Our study sought to explore how multimodal and interdisciplinary approaches might provide such real-time insights by examining an engineering design classroom across a semester. We used a combination of online surveys on emotions and electrodermal activity (EDA) wrist sensors across five engineering design workshops. Eighteen students out of a participant pool of 58 students in an engineering course agreed to wear a noninvasive EDA sensor that recorded their biometric skin conductance during class. The EDA data were sampled at 4Hz (taken every quarter second), providing a deeper look into student engagement in the classroom. When paired with a topic emotions survey, these biometric data were used to identify potential correlations between reported and physical responses—akin to a lie detector for engagement.
Findings from the semester’s first challenge suggest that in introducing design topics, for example around generating ideas to solve an engineering problem, negative emotions such as anger had a significant inverse correlation to EDA. The effect was minimized as students progressed through each class and across the semester. This points to the importance of considering classroom strategies that will help students manage any negative emotions they may experience when facing a new class or topic. Furthermore, our data indicate that student-led activities generate higher engagement than those led by the instructor. Together, these findings point to the need to understand the real-time effects of teaching pedagogies and strategies in helping students emotionally and mentally cope with complex topics such as those found in engineering.
We recommend that engineering educators begin to think of ways to facilitate more real-time engagement in their classrooms with purposeful motivational outcomes. Based on our work, reducing the role of anticipatory responses due to other factors (e.g., uncertainty, newness to a topic) can help students engage more with the course topics. Specifically, educators can do more to explain the rationale behind design topics, explicitly state the motivation for course topics, and clarify any expectations for engaging in student-led individual and collective activities.

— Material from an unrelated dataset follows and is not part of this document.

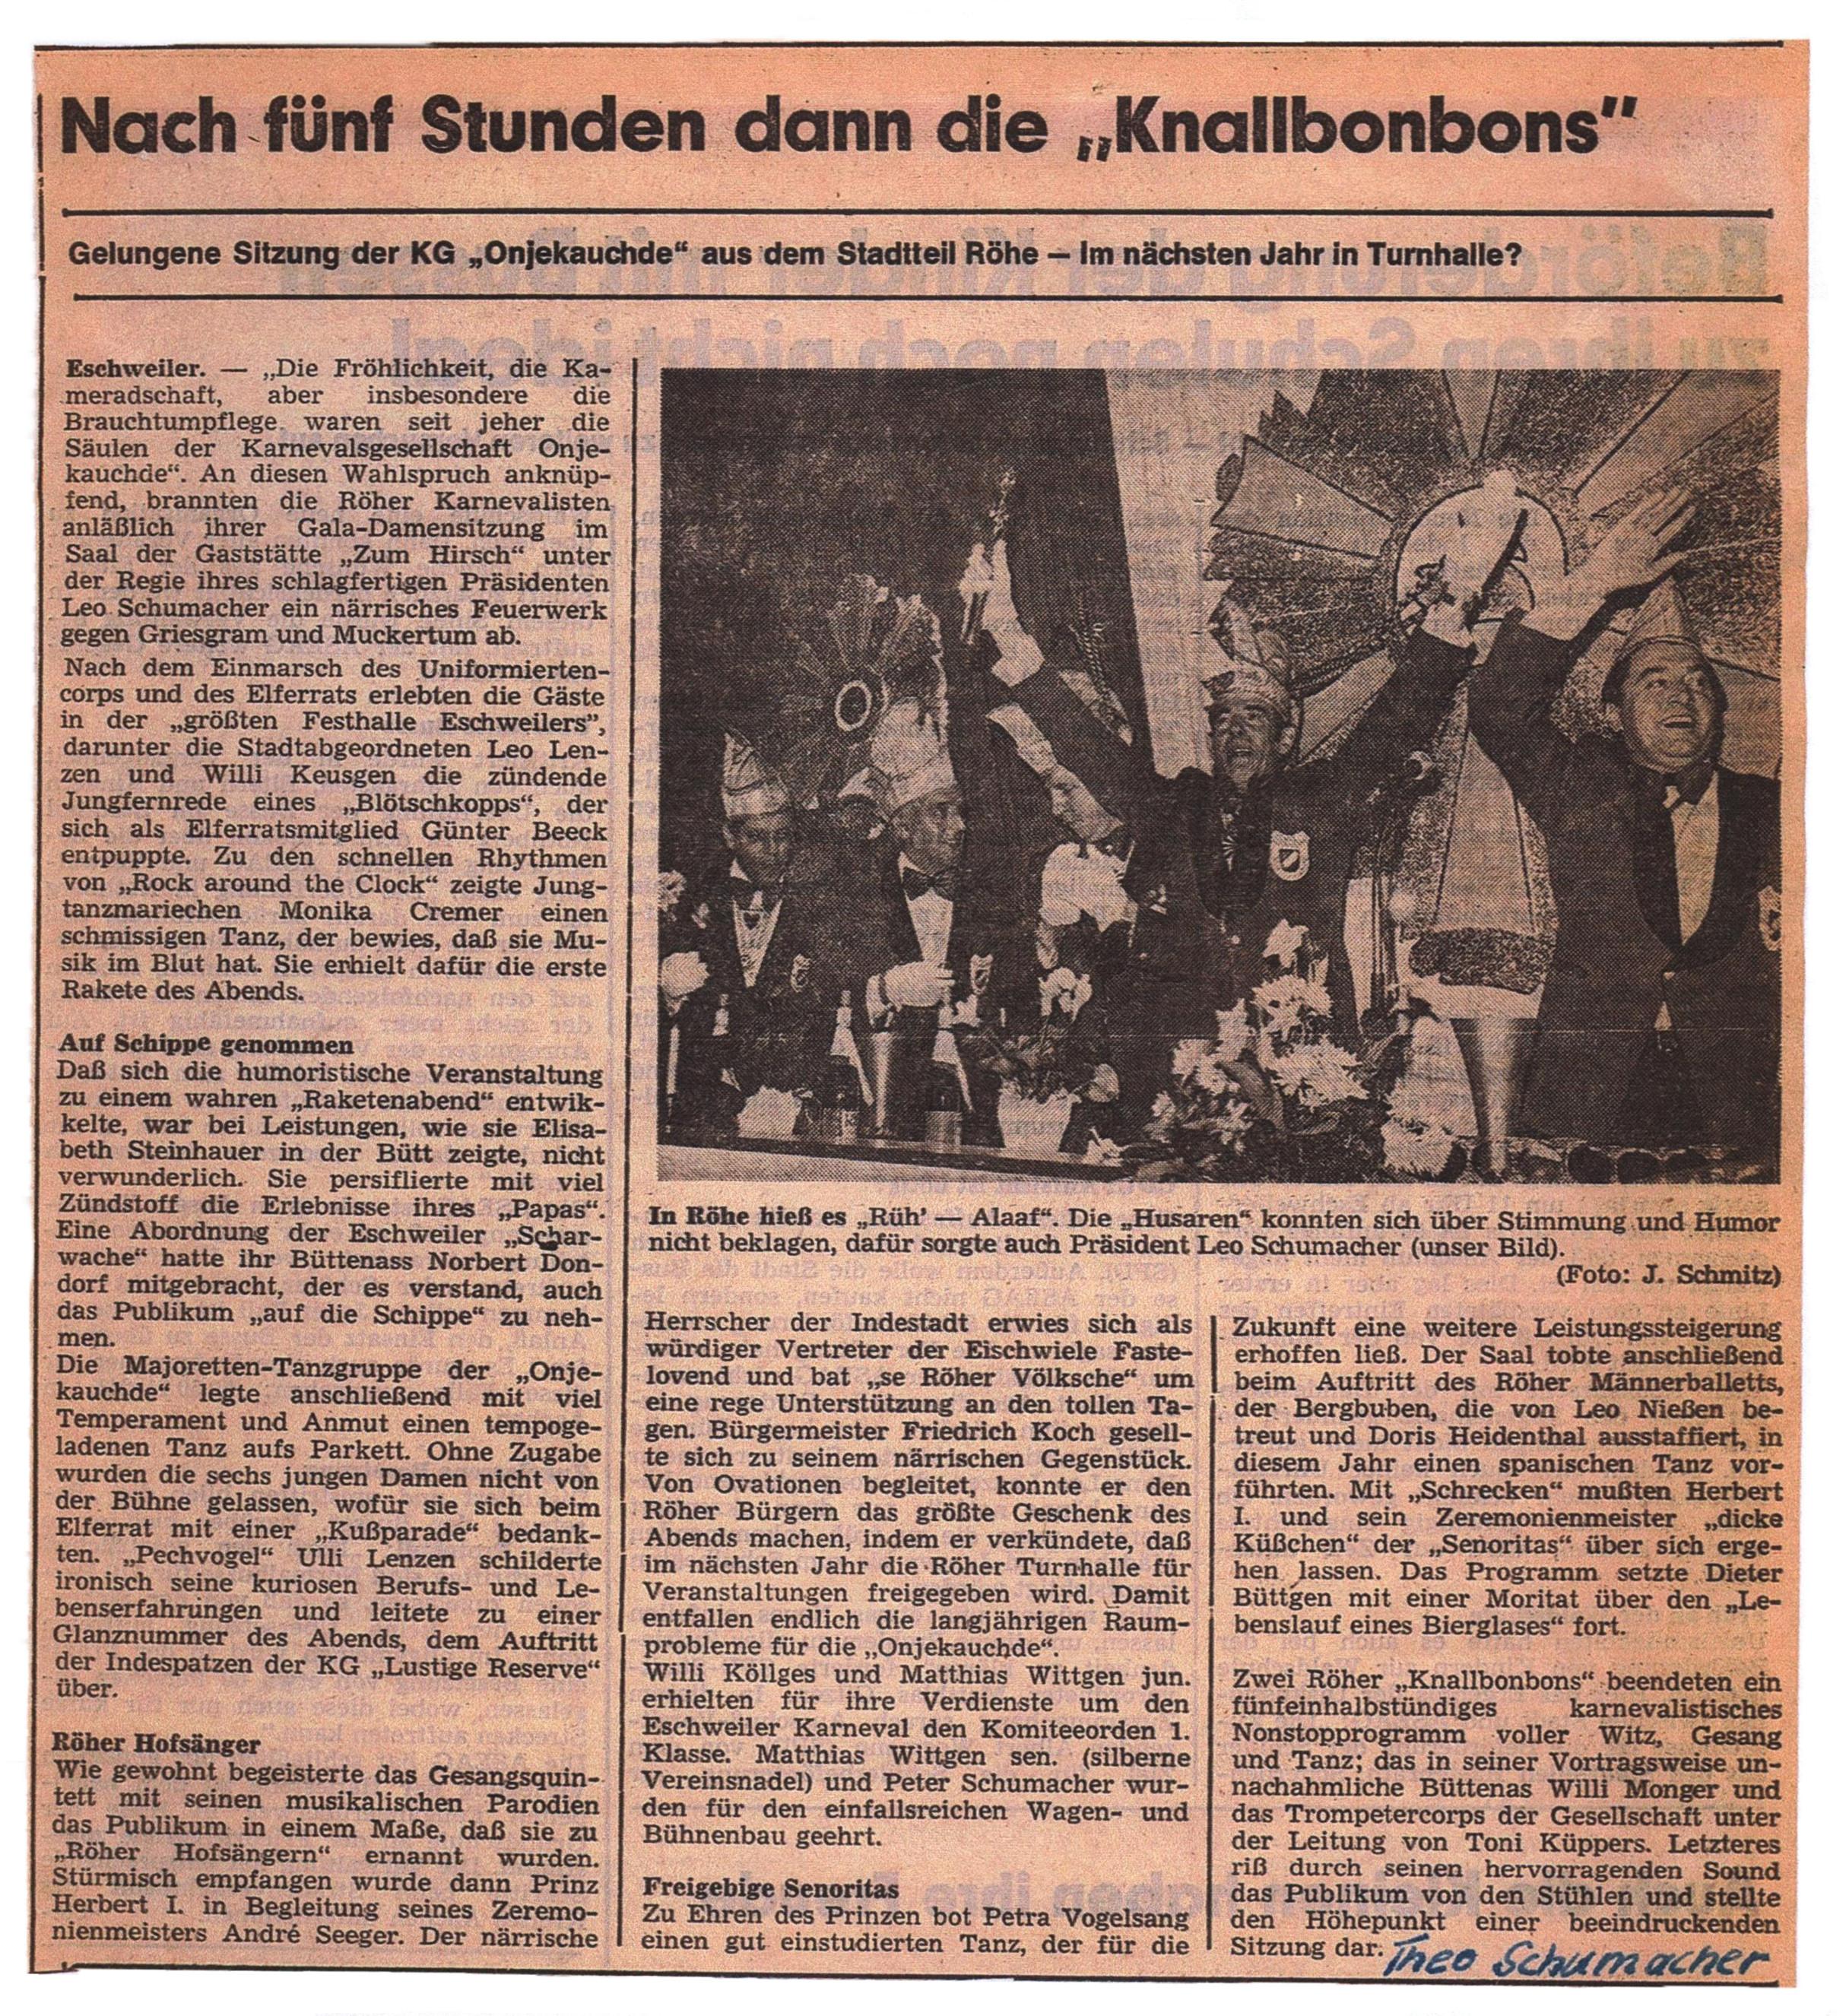 Artikel vom 28.01.1978

Moreover, it will be important for engineering educators to understand the effectiveness of their preferred choice of instruction (e.g., lecture, active learning) for engaging students in a course topic. For this, educators can pre-assess students’ preferred activity types early and throughout the semester to inform classroom strategies to achieve intended learning outcomes. Further research may demonstrate how different educational contexts and course topics in engineering can influence students’ engagement.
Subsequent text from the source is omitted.